# Altiverb vs Space Designer



## gsilbers (Mar 22, 2009)

I am seeing a lot of talk of Todd AO IR on altiverb but i was wondering; if there was the same IR for logic's Space designer or if you compare 2 "meduim halls" for both verbs, how much better is altiverb? 
i am assuming its better cause for the price of altiverb you can get all of logic pro 8.


----------



## Peter Emanuel Roos (Mar 22, 2009)

I have talked to the guys from Audioease and there is really no option to get hold of the Todd-AO IRs without purchasing Altiverb (I tried to make a deal and offered to pay for them).

So, to evaluate these IRs and to compare them with others, you should try to find a friend with Altiverb and make comparisons of the Todd-AO IRs with other IRs.

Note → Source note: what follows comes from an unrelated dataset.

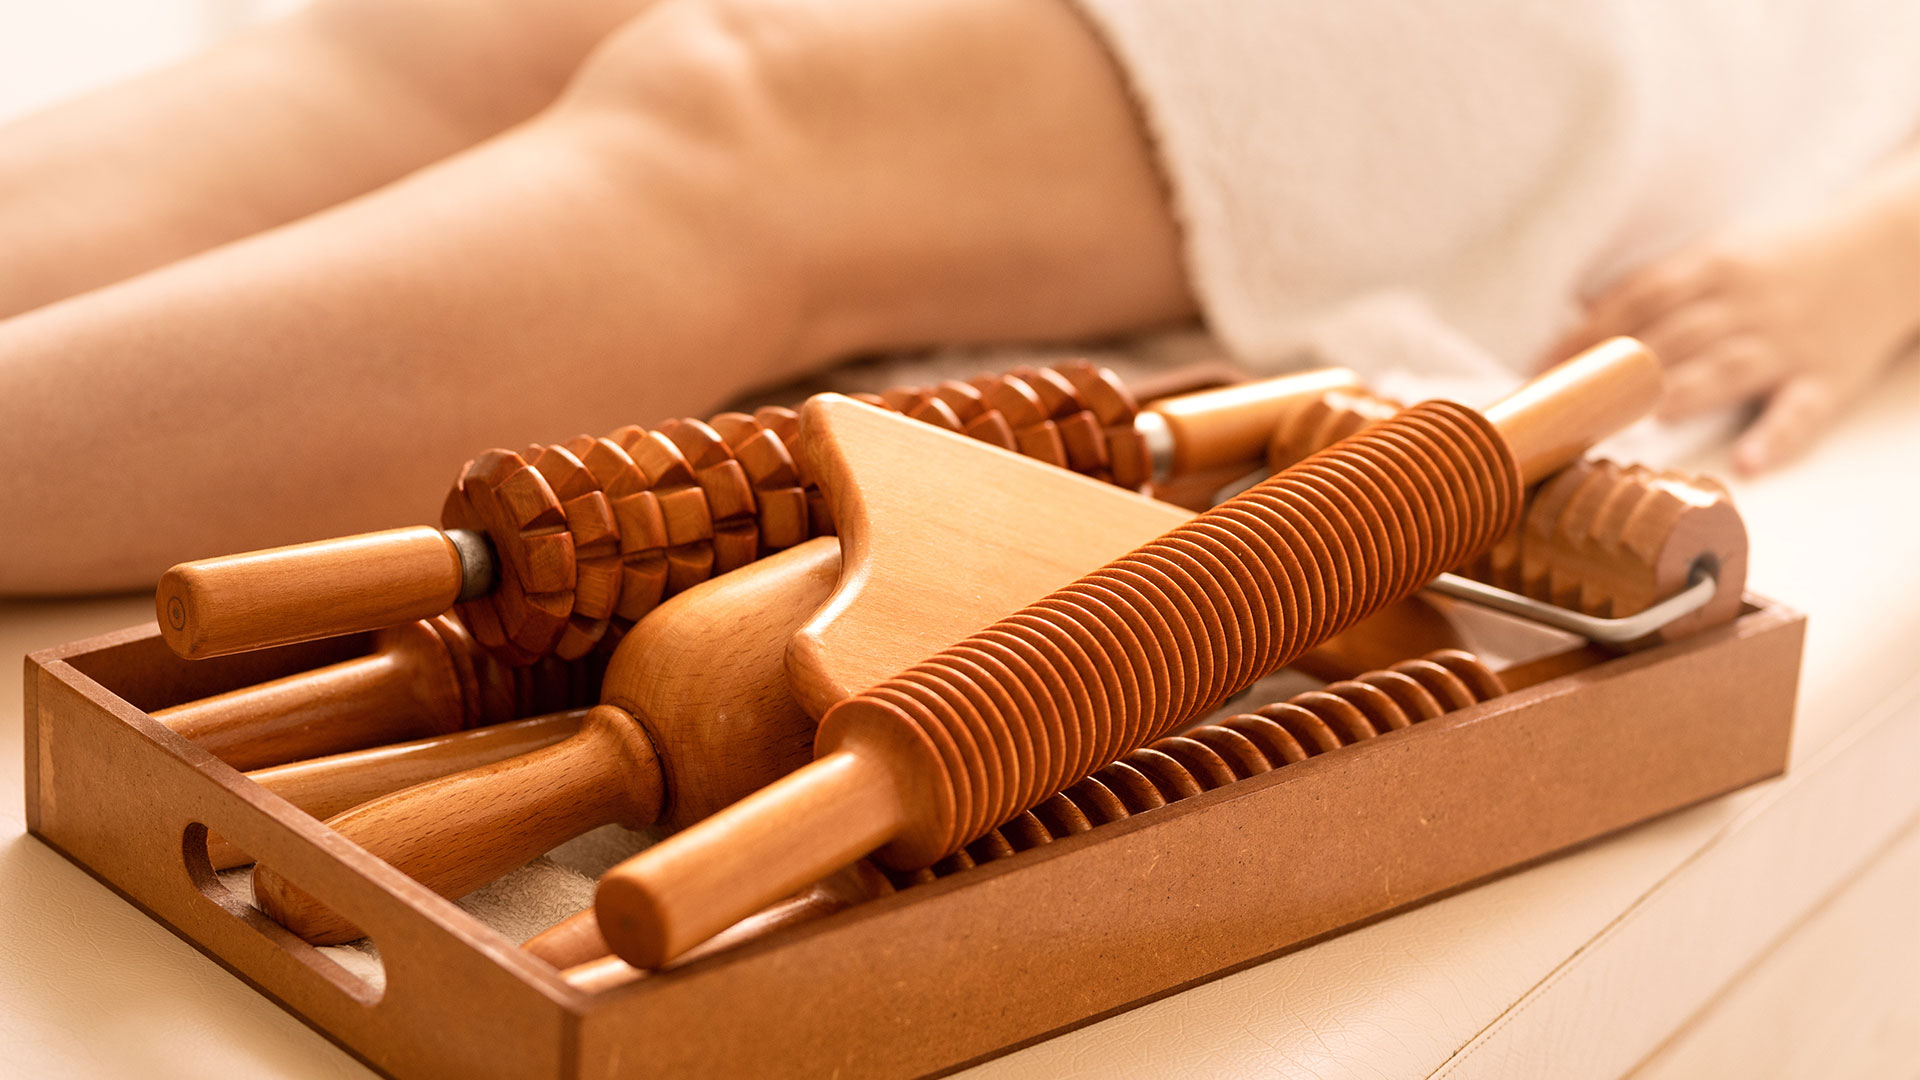 Types Of Tools Used In A Massage Therapy Serenity Sheer Massage

I will try to do this when I meet Maarten Spruijt next time (I want to know which of my own IRs are close to the Todd-AO ones).


----------



## JT3_Jon (Mar 23, 2009)

I think the biggest question is not whether Space Designer can match the reverb tails of Altiverb (as I bet it can) but rather can you achieve the same "early reflections."

From what I have read, people are using 3 altiverbs early reflections ONLY (no tails) to place dry samples in a room & help achieve depth. This is where Altiverb seems to shine, as they have taken inpulses of single rooms from multiple positions. So you can run your strings through the "close" mics, winds/brass through the mid, and perc through the "far." From there they use a single altiverb "tail" at the end of the chain for the actual hall sound. 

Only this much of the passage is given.